= Udsikter fra Ulriken =

Town song of Bergen, Norway

"Udsigter fra Ulriken" (English: 'Views from Ulriken') is the town song of Bergen, Norway. It is also known as "Bergenssangen", "Bergensiana", "Jeg tok min nystemte" and among the public "Nystemten". The lyrics were written in 1790 by the priest, politician and poet Johan Nordahl Brun when he worked as vicar at Bergen Cathedral (later he became bishop of Bjørgvin). The melody is taken from an old French minuet.
Norwegian composer Johan Halvorsen wrote orchestral variations on the
melody under the name "Bergensiana". A notable performance was by Sissel Kyrkjebø in 1986, when she was 16 years old. It was her big breakthrough.
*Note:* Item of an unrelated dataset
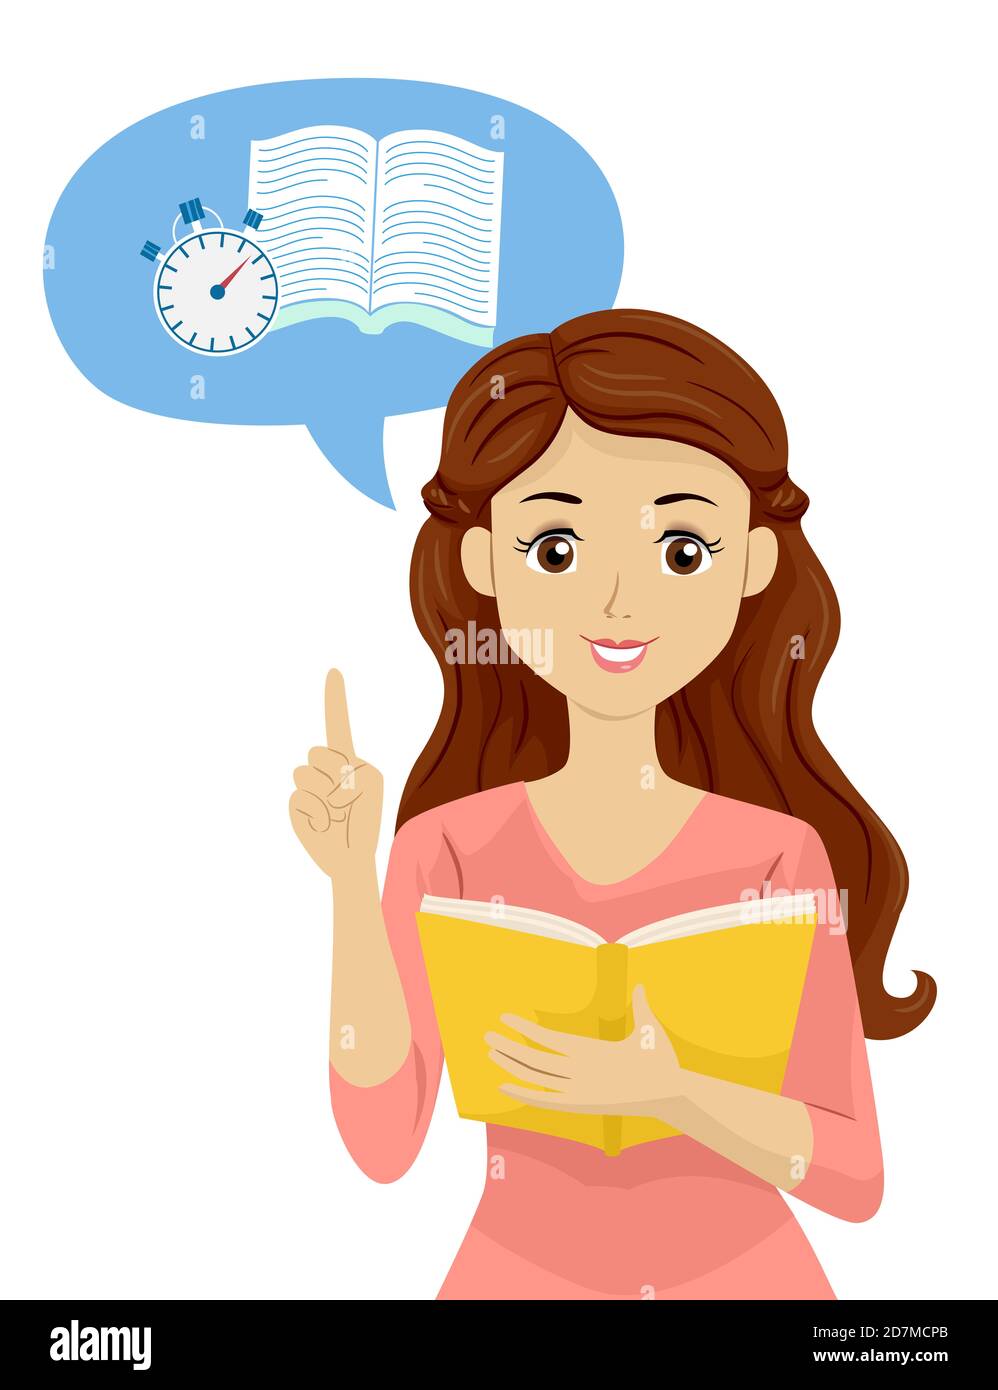 Illustration of a Teenage Girl Talking About Speed Reading Stock Photo
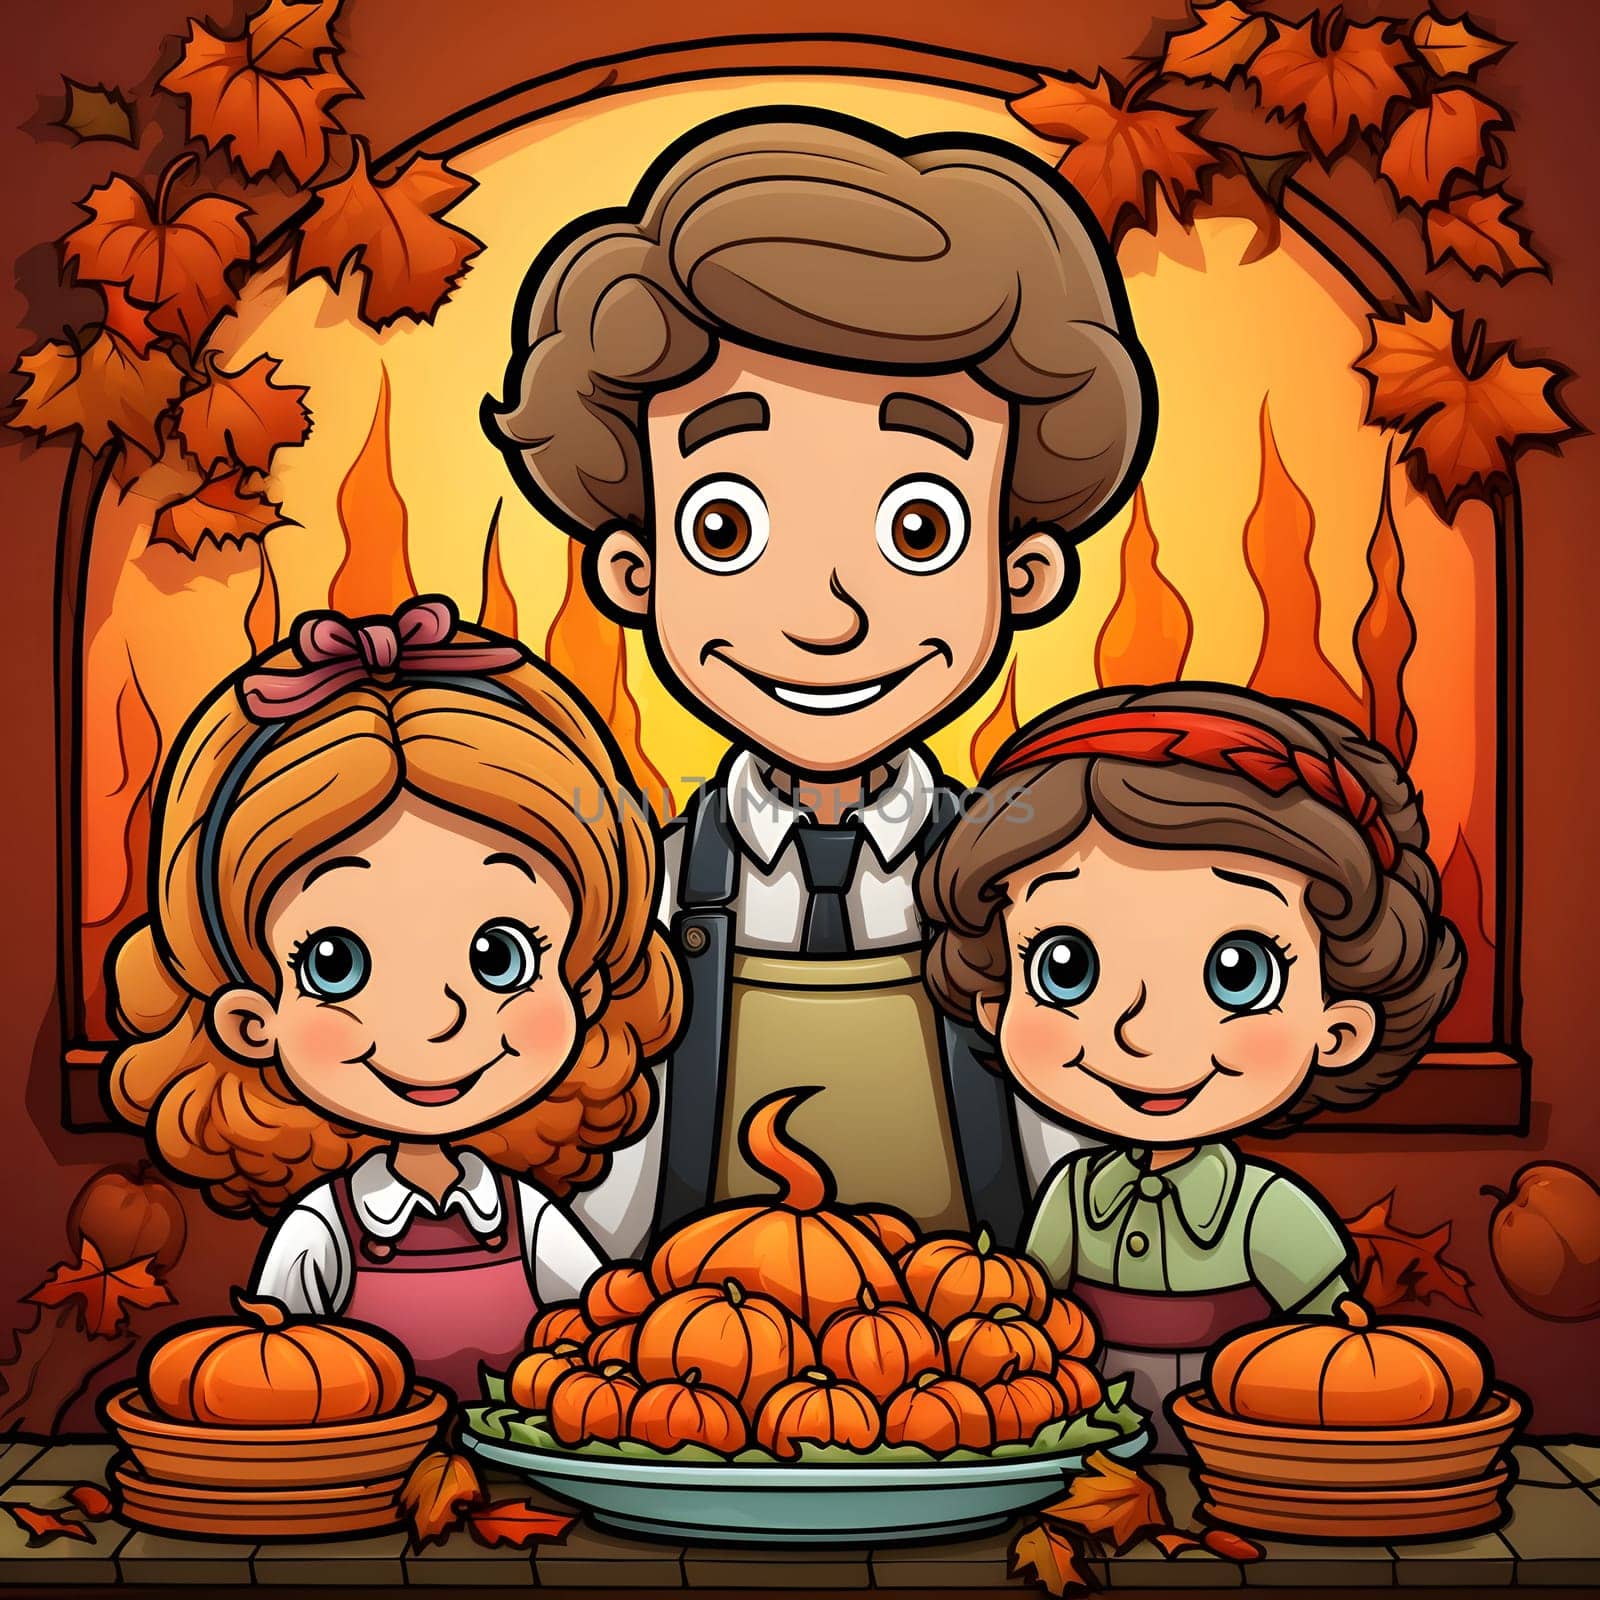 Illustration of a smiling family at a table with pumpkins in the back of the fireplace and leaves. Pumpkin as a dish of thanksgiving for the harvest. by ThemesS

She performed the song during the intermission of the Eurovision Song Contest 1986, which took place in Grieg Hall in Bergen.

==Lyrics==
Sang til Bergen (English: 'Song to Bergen')

by Johan Nordahl Brun
(Udsigter fra Ulriken)

I
Jeg tog min nystemte Cithar i Hænde;
Sorgen forgik mig pa Ulrikens Top.
Tænkte paa Bauner, om de skulde Brænde,
og byde Mandskab mot Fienden op;
følede Freden, blev glad i min Aand,
og greb til min Cithar med legende Haand.
II
Værdige, gamle, graaskallede Bierge,
I, som omgierde min Fædrene-Bye,
I, som saa mangen en Torden afværge,
og sønderbryde electriske Skye!
Yndig er dalen, I hegne mig ind,
og Foraar og Dalen oplive mit Sind.
III
Herfra fortryllende Syner jeg skuer,
Lungegaards Vandet, den Slette saa blaa,
Nyegaards Alleens løvkronede Buer,
derunder prydede Skiønne at gaae,
deromkring Markens dens festlige Dragt,
det Guld i det Grønne den blomstrende Pragt!
IV
Tæt ved mig Alrikstads dobbelte Slette,
Kongeborg fordum og brugbar til Strid,
skiøn af Naturen, om Fortrin vil trette
med selve Nyegaard, som prunker med Flid,
der løb fra Svartedig skummende Aae,
der saae jeg Møllehiul flittig at gaae.
V
Bedre frem, Bergen, det Handelens Sæde,
strækkende Arme om seilbare Vaag.
Derhen høifarmede Jægter med Glæde
rustes hver Sommer til dobbelte Tog;
derfra gaae Skibe saa vide om Land;
der kiøber, der sælger, der handler hver Mand.
VI
Der seer jeg Skoven af Masterne høie,
handlende Stuers bredvaiende Flag;
Vippebom seer jeg sig flittig at bøie,
flittig at hæve. – Tagenternes Slag
paa dette Handels-Claveer gav Musik,
og Vare af Skuderne dandsende gik.
VII
Nu tog jeg Vand af den springende Kilde.
herudaf Oldtidens Kiempeslægt drak.
Naar de lykønske sit Fædreland vilde,
Sverdet af Skeden tillige de trak.
Vee! den, saa sang de, saa synger jeg og,
den Nidding, som Sverd imot Fødeland drog.
VIII
Freden, o! Bergen! din Rede beskierme,
Sommeren krone hver Ager med Brød!
Ilden og Sverdet dig aldrig fornærme,
Havet dig aapne sit frugtbare Skiød!
Da mellem Biergene syv skal du staae,
naar nybaget Kiøbstad i Luften maa gaae.
IX
Jeg drak den Skaal, som mig Ulriken skienkte,
drikker den samme, I, som have Viin!
Hver, som oprigtig mod Fødeby tænkte;
Lod denne Munterheds Skaal være sin.
Held for vort Bergen, for Fødeland Held!
Gid alting maa blomstre fra Fiere til Fiel

English translation of the first verse

I
Holding my newly tuned sitar in my hands;
all my grief left me on the peak of Ulriken.
Thought of the beacons if they would be lighted,
and against foes order out the marching men.
Felt the calm upon me, rejoiced in my spirit,
and reached for my sitar with playful hands.